The OpenAPI schema ("swagger") is available at http://127.0.0.1:9001/swagger/index.html when running the service locally with OpenAPI enabled. Here's a copy.

🔗 See also:

Kernel Memory Docker image

If you want to give the service a quick test, use the following command to start the Kernel Memory Service using OpenAI:

docker run -e OPENAI_API_KEY="..." -it --rm -p 9001:9001 kernelmemory/service

on Linux ARM/MacOS

docker run -e OPENAI_API_KEY="..." -it --rm -p 9001:9001 kernelmemory/service:latest-arm64

If you prefer using custom settings and services such as Azure OpenAI, Azure Document Intelligence, etc., you should create an appsettings.Development.json file overriding the default values set in appsettings.json, or using the configuration wizard included:

cd service/Service
dotnet run setup

Then run this command to start the Docker image with the configuration just created:

on Windows:

docker run --volume .\appsettings.Development.json:/app/appsettings.Production.json -it --rm -p 9001:9001 kernelmemory/service

on Linux (AMD64):

docker run --volume ./appsettings.Development.json:/app/appsettings.Production.json -it --rm -p 9001:9001 kernelmemory/service

on ARM64 / macOS:

docker run --volume ./appsettings.Development.json:/app/appsettings.Production.json -it --rm -p 9001:9001 kernelmemory/service:latest-arm64

🔗 See also:

Memory as a Service: Data Ingestion Pipelines + RAG Web Service

Depending on your scenarios, you might want to run all the code remotely through an asynchronous and scalable service, or locally inside your process.

image

If you're importing small files, and use only .NET and can block the application process while importing documents, then local-in-process execution can be fine, using the MemoryServerless described below.

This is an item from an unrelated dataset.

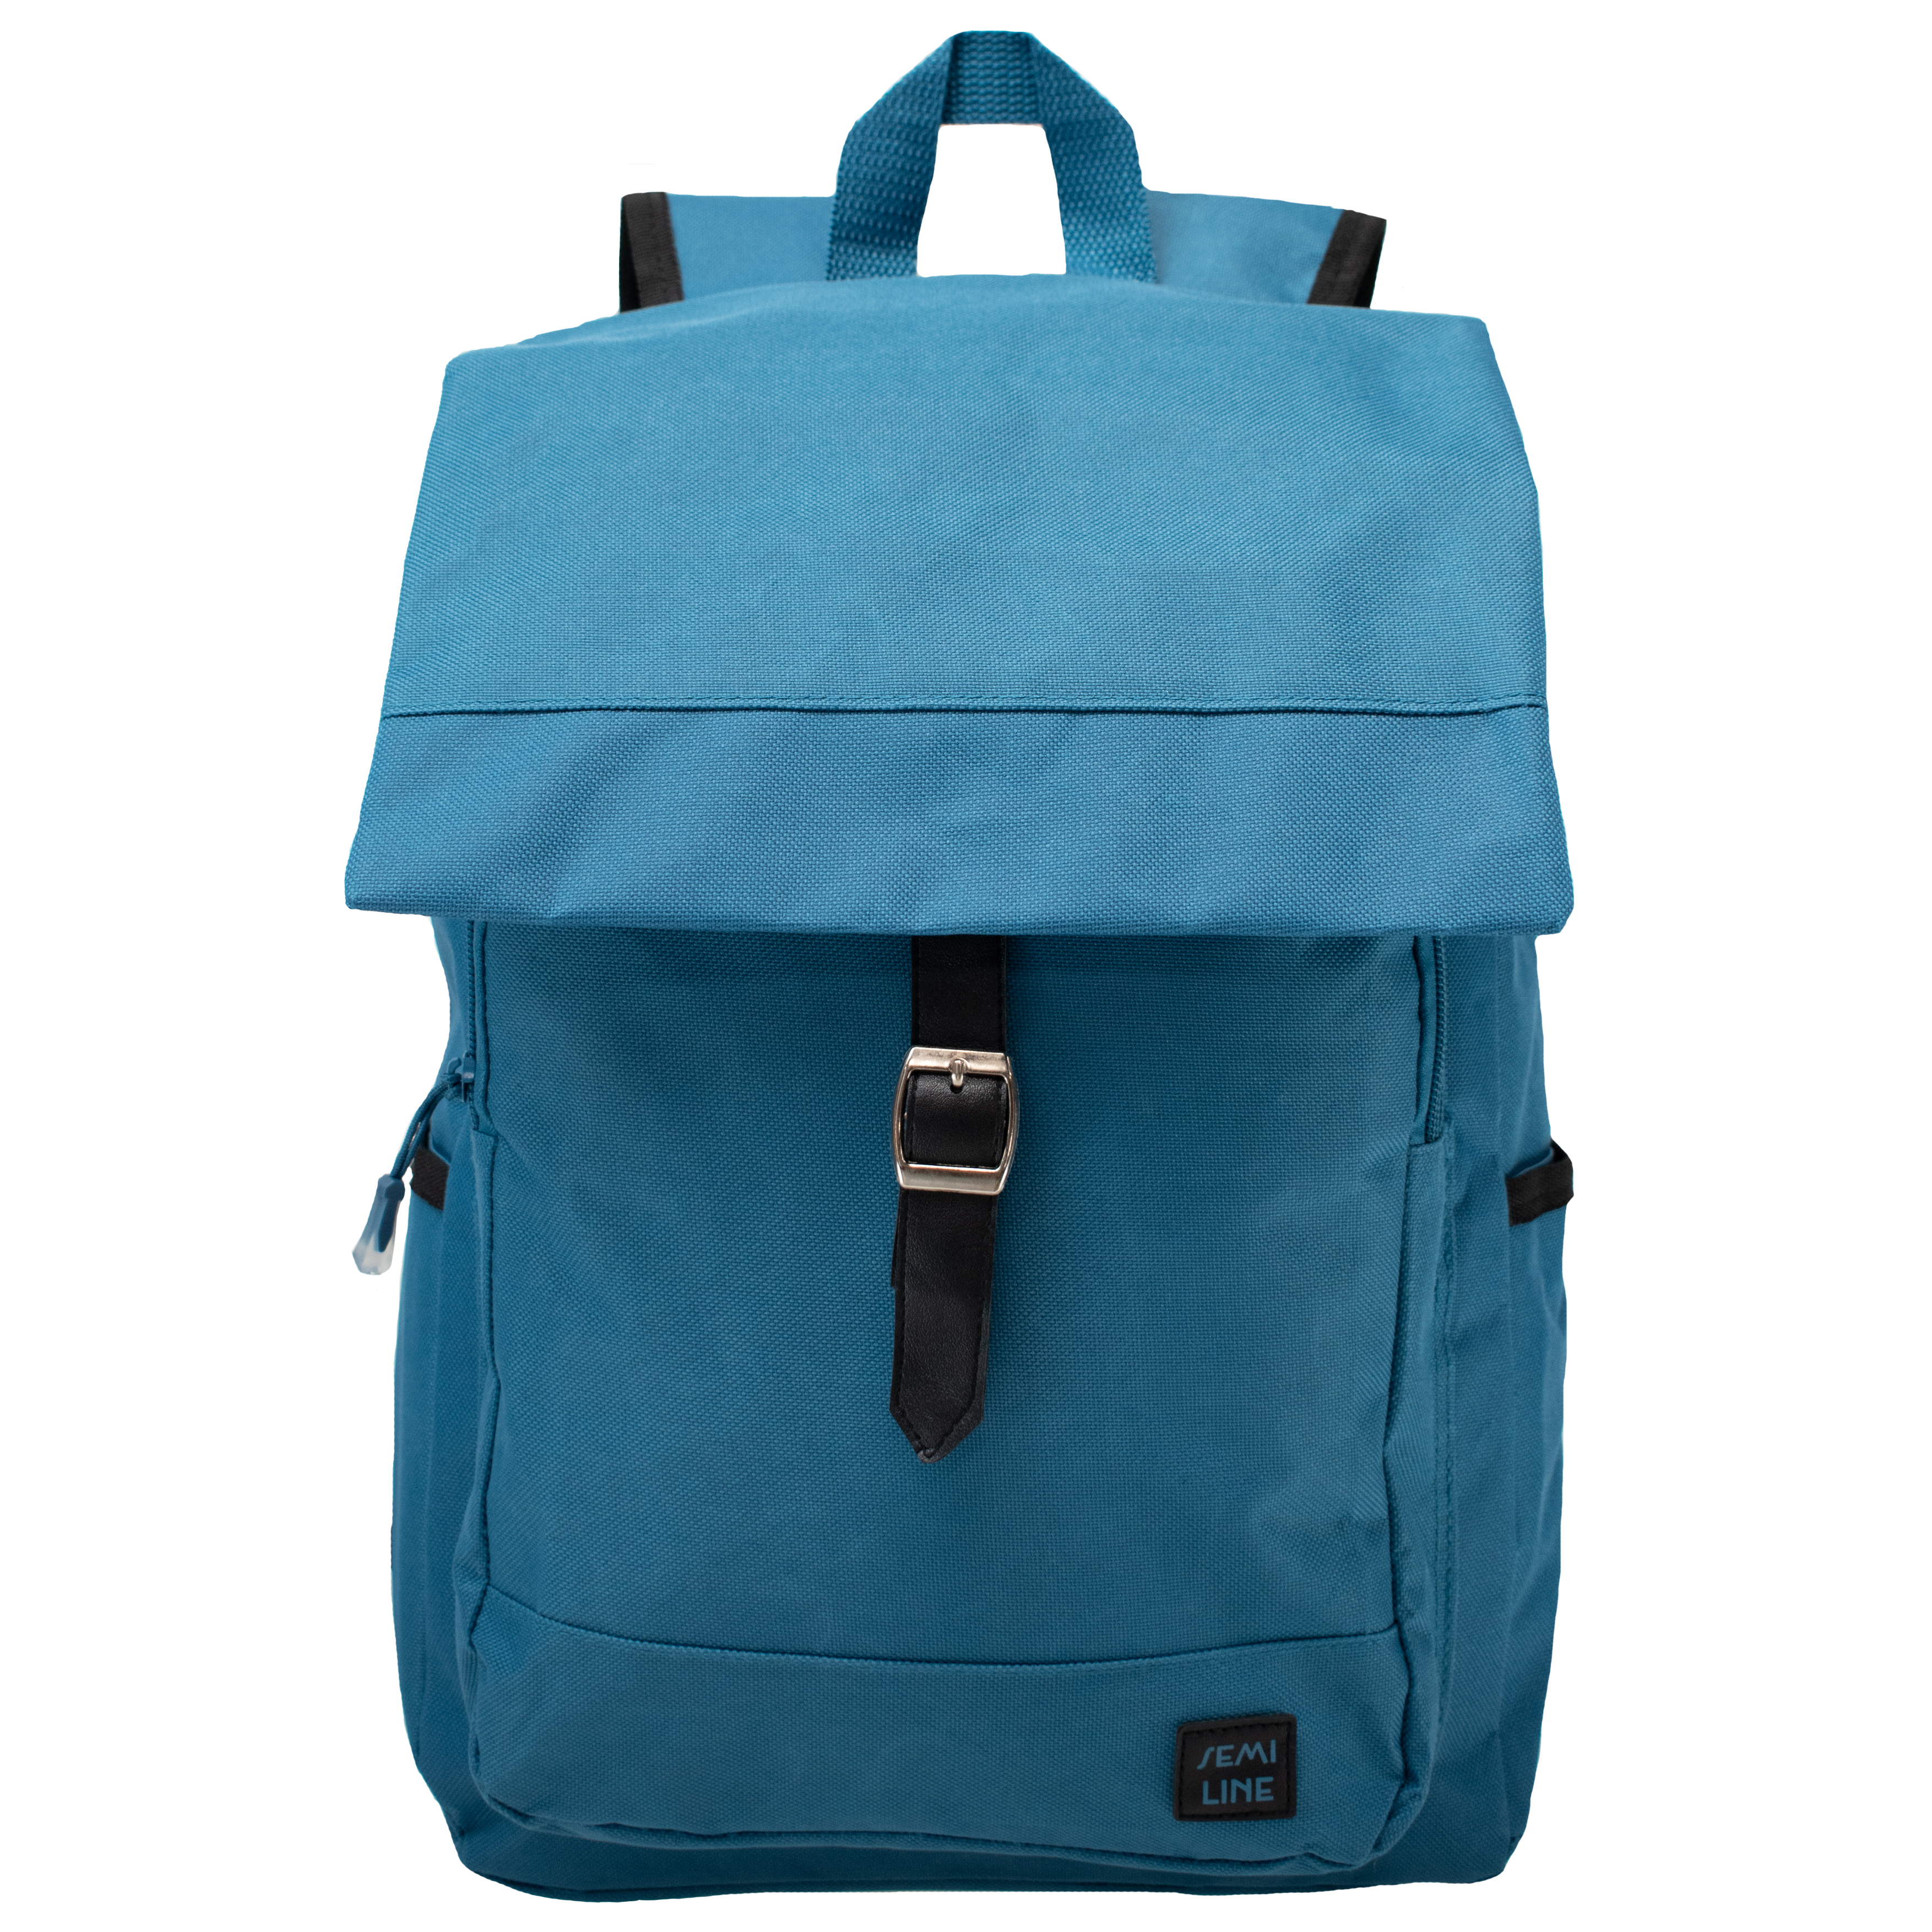 Semiline Unisex's Backpack J4921-2

However, if you are in one of these scenarios:

  • My app is written in TypeScript, Java, Rust, or some other language
  • I'd just like a web service to import data and send questions to answer
  • I'm importing big documents that can require minutes to process, and I don't want to block the user interface
  • I need memory import to run independently, supporting failures and retry logic
  • I want to define custom pipelines mixing multiple languages like Python, TypeScript, etc

then you're likely looking for a Memory Service, and you can deploy Kernel Memory as a backend service, using the default ingestion logic, or your custom workflow including steps coded in Python/TypeScript/Java/etc., leveraging the asynchronous non-blocking memory encoding process, uploading documents and asking questions using the MemoryWebClient.

image

Here you can find a complete set of instruction about how to run the Kernel Memory service.

Embedded Memory Component (aka "serverless")

Kernel Memory works and scales at best when running as an asynchronous Web Service, allowing to ingest thousands of documents and information without blocking your app.

However, Kernel Memory can also run in serverless mode, embedding MemoryServerless class instance in .NET backend/console/desktop apps in synchronous mode. Each request is processed immediately, although calling clients are responsible for handling transient errors.

image

Extensions

Kernel Memory relies on external services to run stateful pipelines, store data, handle embeddings, and generate text responses. The project includes extensions that allow customization of file storage, queues, vector stores, and LLMs to fit specific requirements.

  • AI: Azure OpenAI, OpenAI, ONNX, Ollama, Anthropic, Azure AI Document Intelligence, Azure AI Content Safety
  • Vector Store: Azure AI Search, Postgres, SQL Server, Elasticsearch, Qdrant, Redis, MongoDB Atlas, In memory store
  • File Storage: Azure Blob storage, AWS S3, MongoDB Atlas, Local disk, In memory storage
  • Ingestion pipelines: Azure Queues, RabbitMQ, In memory queues

Custom memory ingestion pipelines

Document ingestion operates as a stateful pipeline, executing steps in a defined sequence. By default, Kernel Memory employs a pipeline to extract text, chunk content, vectorize, and store data.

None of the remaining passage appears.